▶ **SUPPLIED INFORMATION**:
- - -
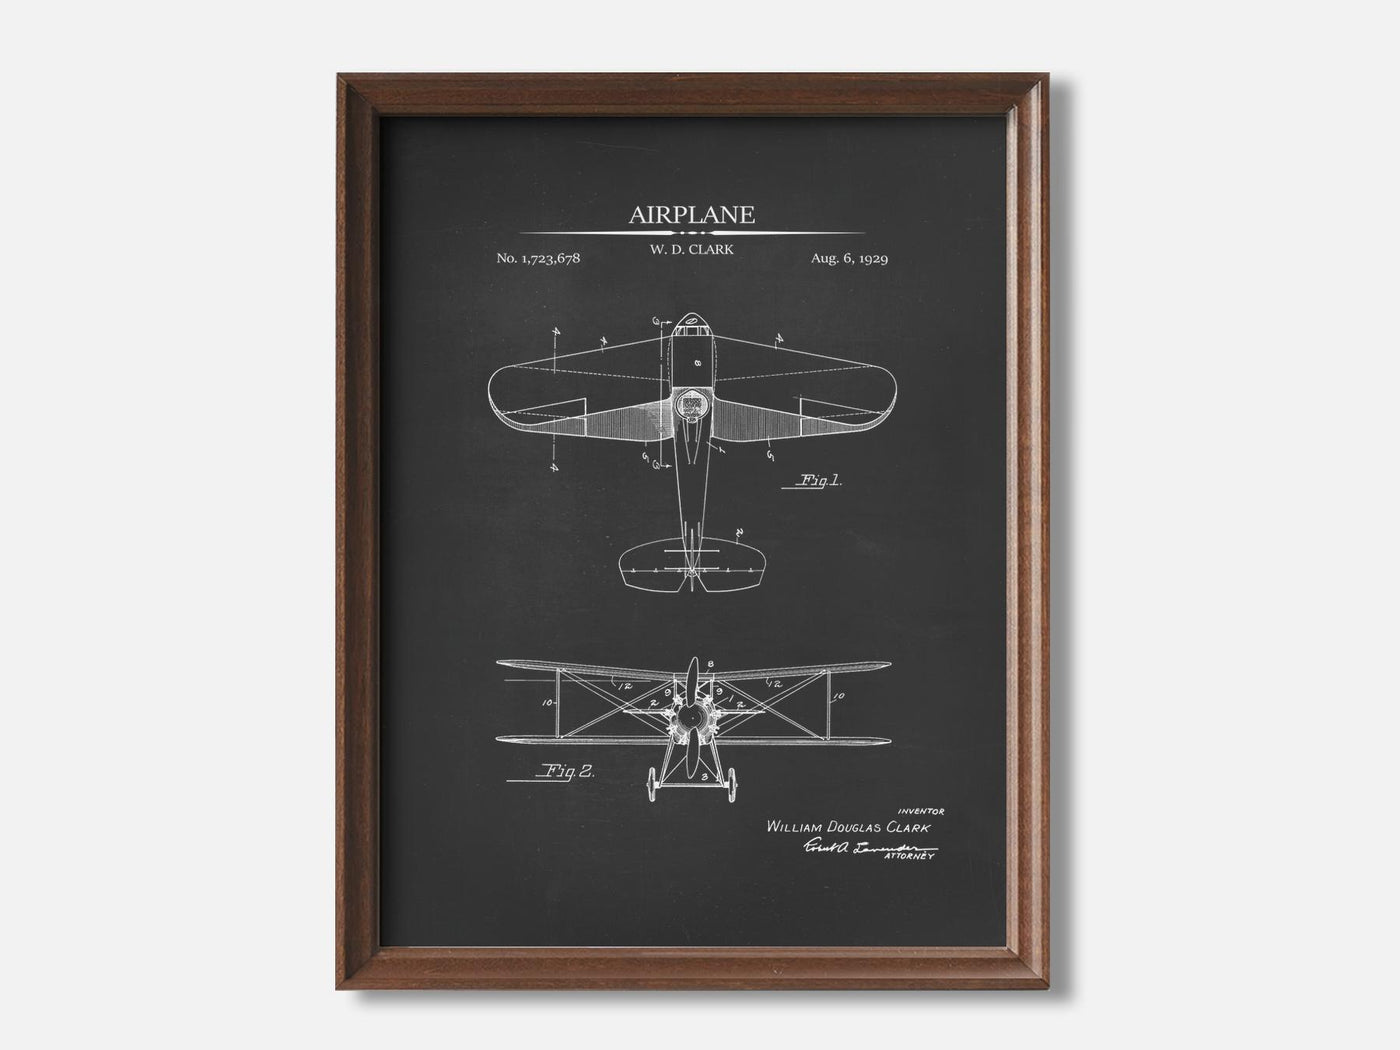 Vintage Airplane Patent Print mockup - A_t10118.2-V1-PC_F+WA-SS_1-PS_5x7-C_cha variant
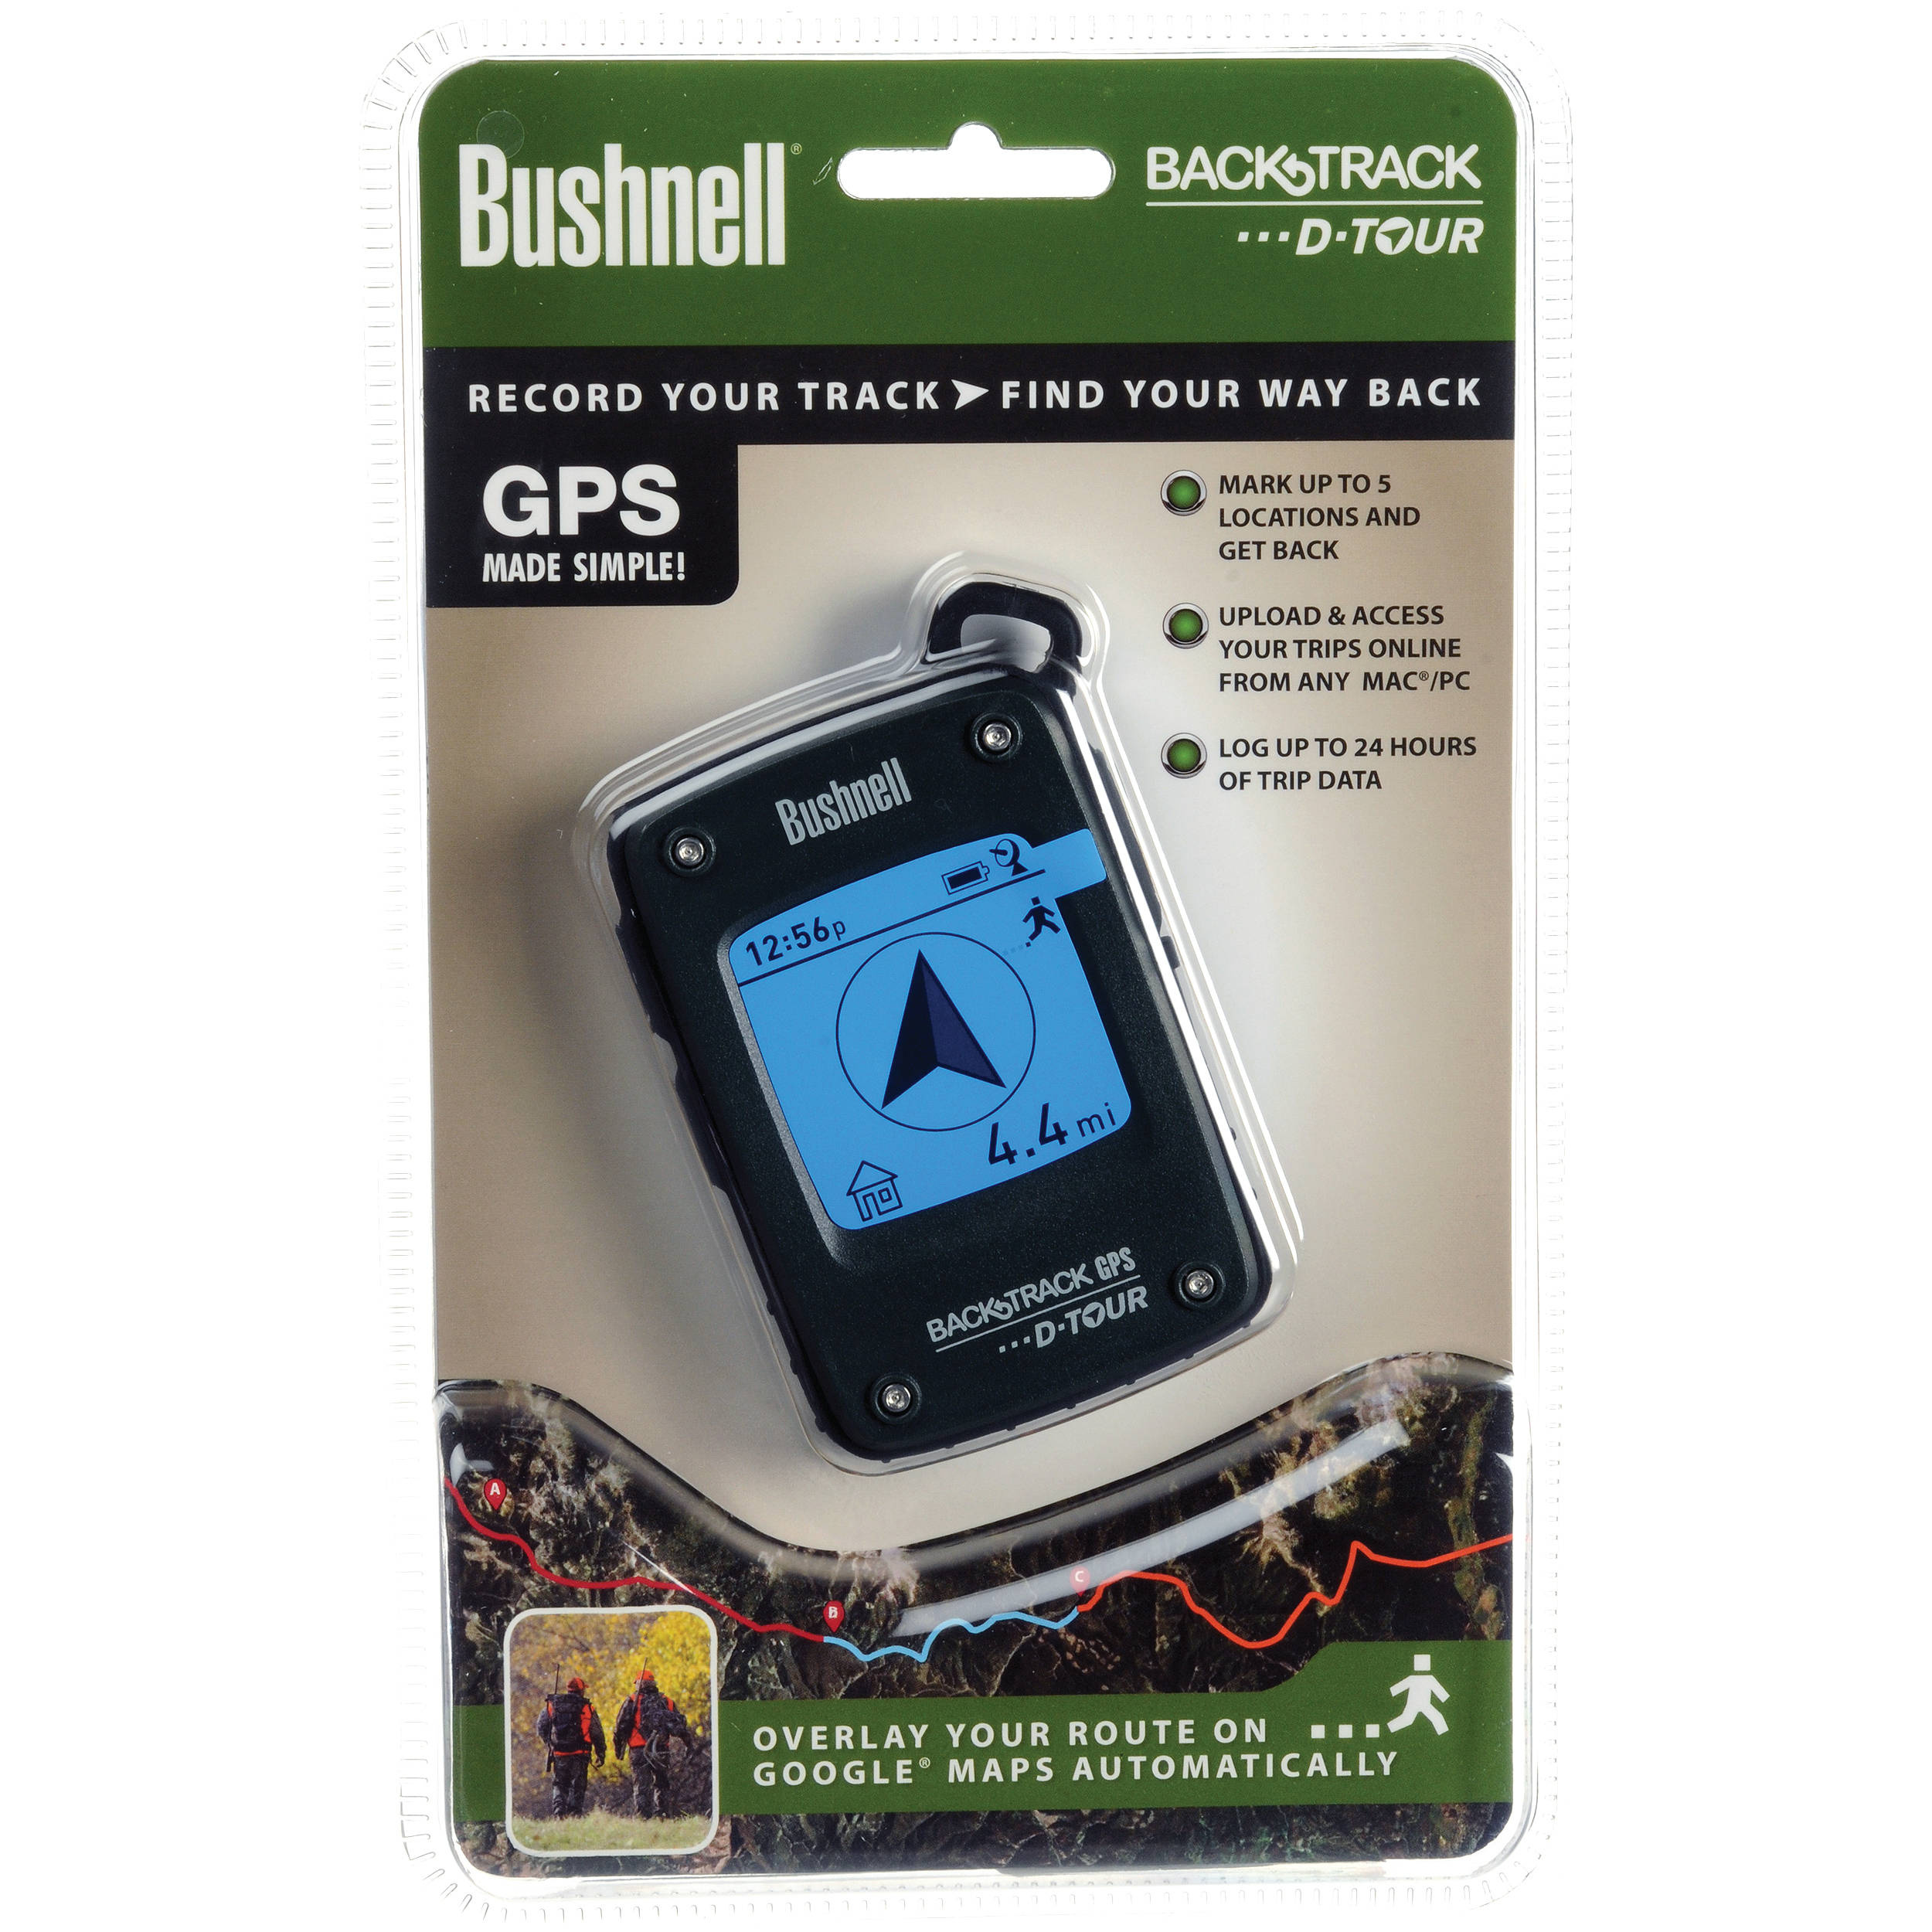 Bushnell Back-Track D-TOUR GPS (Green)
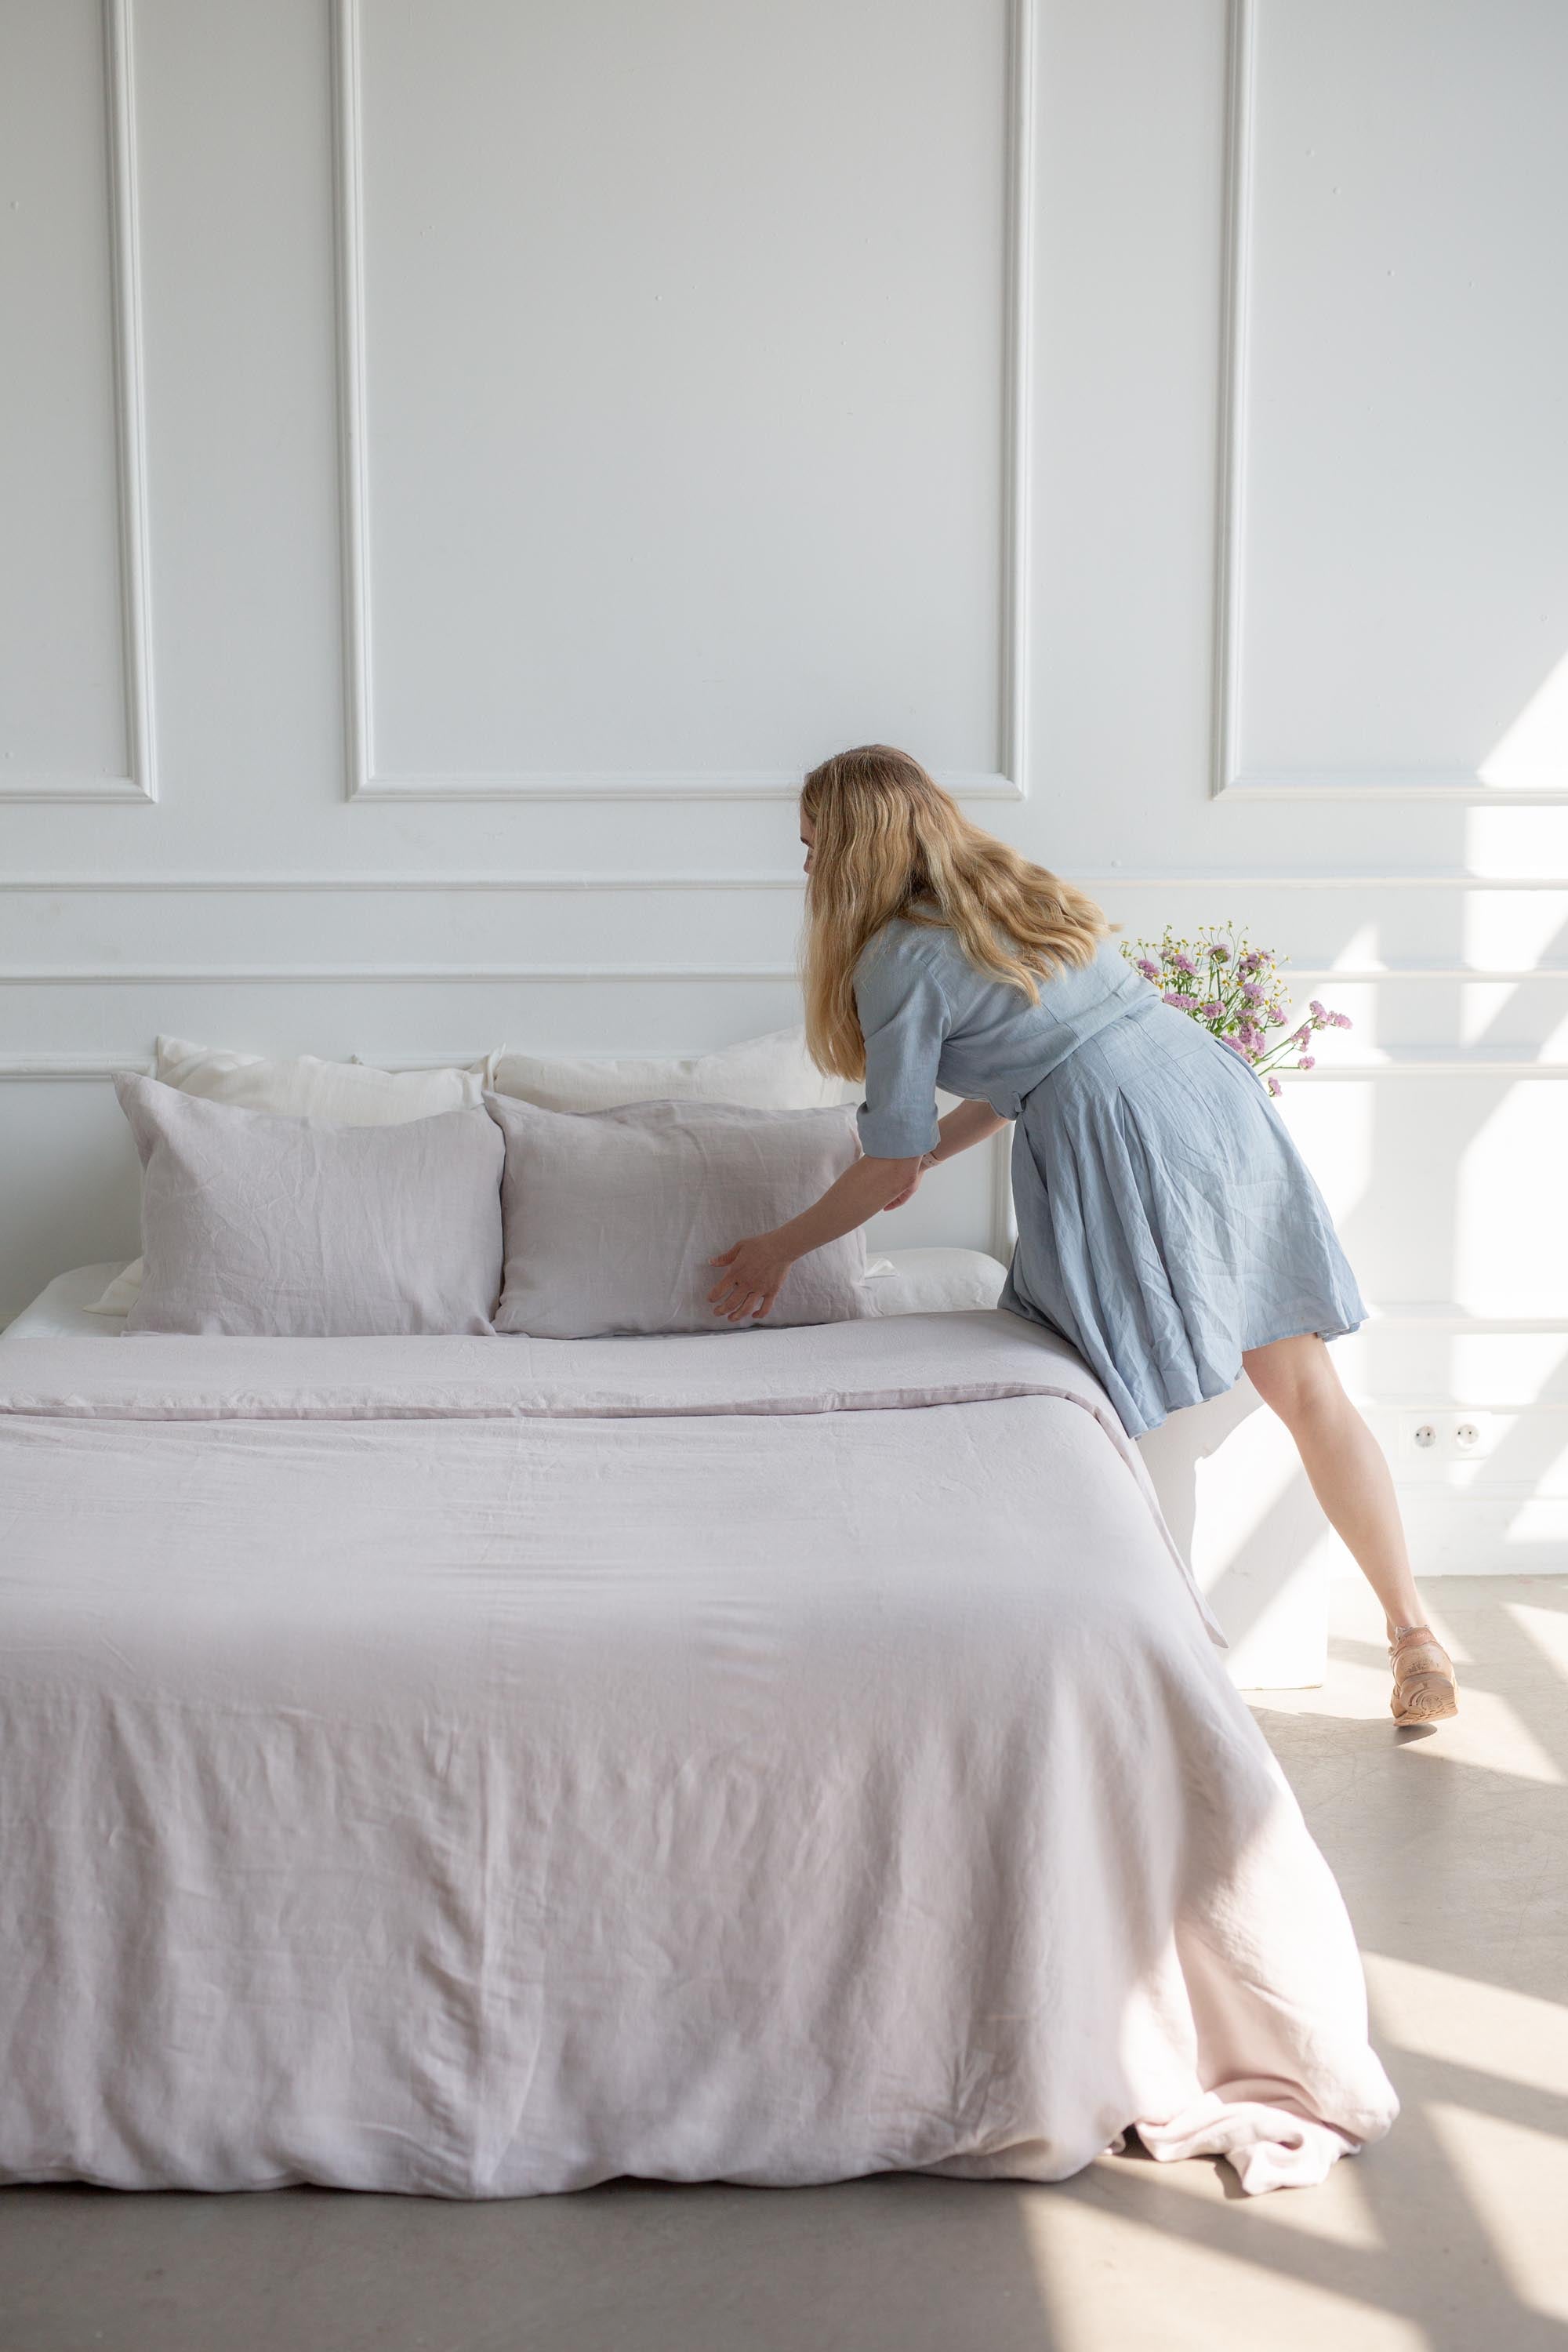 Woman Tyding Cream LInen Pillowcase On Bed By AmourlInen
- - -
▶ **YOUR INSTRUCTIONS**: Leave out the pictures and repeat the remaining data exactly.

▶ **EXERCISE RESPONSE**:
 Vintage Airplane Patent Print mockup - A_t10118.2-V1-PC_F+WA-SS_1-PS_5x7-C_cha variant
 Bushnell Back-Track D-TOUR GPS (Green)
 Woman Tyding Cream LInen Pillowcase On Bed By AmourlInen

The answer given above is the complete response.